Many years ago I approached a problem of checking audio quality by rebuilding the VOIP audio through a shell script and comparing the recording played back from the destination to the original source audio. In other words, I had a number that when called would play an audio file. Comparing the audio file itself, to the recorded audio from the VOIP call, allowed for a comparison of call quality. Today, utilities like VOIP Monitor run their own metrics in very efficient ways. However, to my end, I needed something to work with my carrier call quality testing.

Initially I cobbled a shell script together, using some guidance online:

ssrc=$(tshark -n -r voip.pcap -R rtp -T fields -e rtp.ssrc -Eseparator=, | sort -u | awk 'FNR ==1 {print}')
 
echo "SSRC: "
echo $ssrc
 
sudo tshark -n -r voip.pcap -R rtp -R "rtp.ssrc == $ssrc" -T fields -e rtp.payload | tee payloads
 
for payload in `cat payloads`; do IFS=:; for byte in $payload; do printf "\\x$byte" >> server_script.raw; done; done
 
echo 'sox has converted pcap to wav file'
sudo sox -t raw -r 8000 -v 4 -c 1 -U server_script.raw server_script.wav

The shell script above requires tshark to be installed on the server. RTP packets are filtered and sorted by an ssrc field, which rebuilds the audio packets in the correct order. At the end, a raw audio file is produced, which is then converted to a wav (for convenance), using SOX.

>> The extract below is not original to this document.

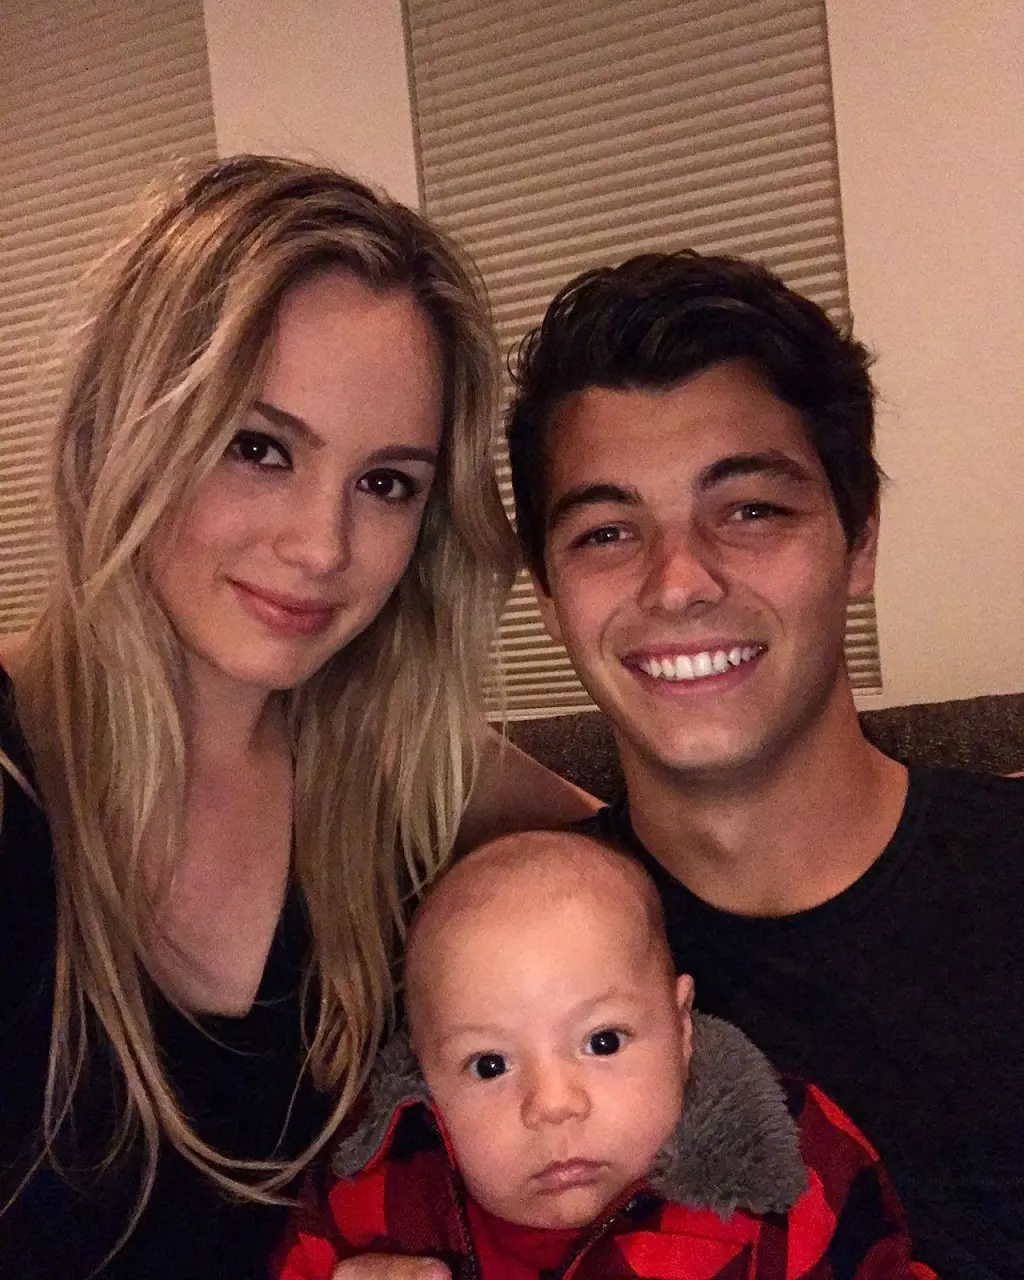 The divorced Fritz couple with their newly born child in April 2017.

It worked, but wasn’t very readable and I preferred a better solution using Python.

Python Version

Python has a library called “pyshark” that is a wrapper for tshark. Pyshark requires tshark to be installed prior to use.

import pyshark
 
rtp_list = []
cap = pyshark.FileCapture('voip.pcap', display_filter='rtp')
raw_audio = open('my_audio.raw','wb')
for i in cap:
    try:
        rtp = i[3]
        if rtp.payload:
             rtp_list.append(rtp.payload.split(":"))
    except:
        pass
 
for rtp_packet in rtp_list:
    packet = " ".join(rtp_packet)
    audio = bytearray.fromhex(packet)
    raw_audio.write(audio)

There might be a better way.  But that’s how I got it done in Python.  I used the pyshark FileCapture function to pull in the pcap and also filter on the RTP layer.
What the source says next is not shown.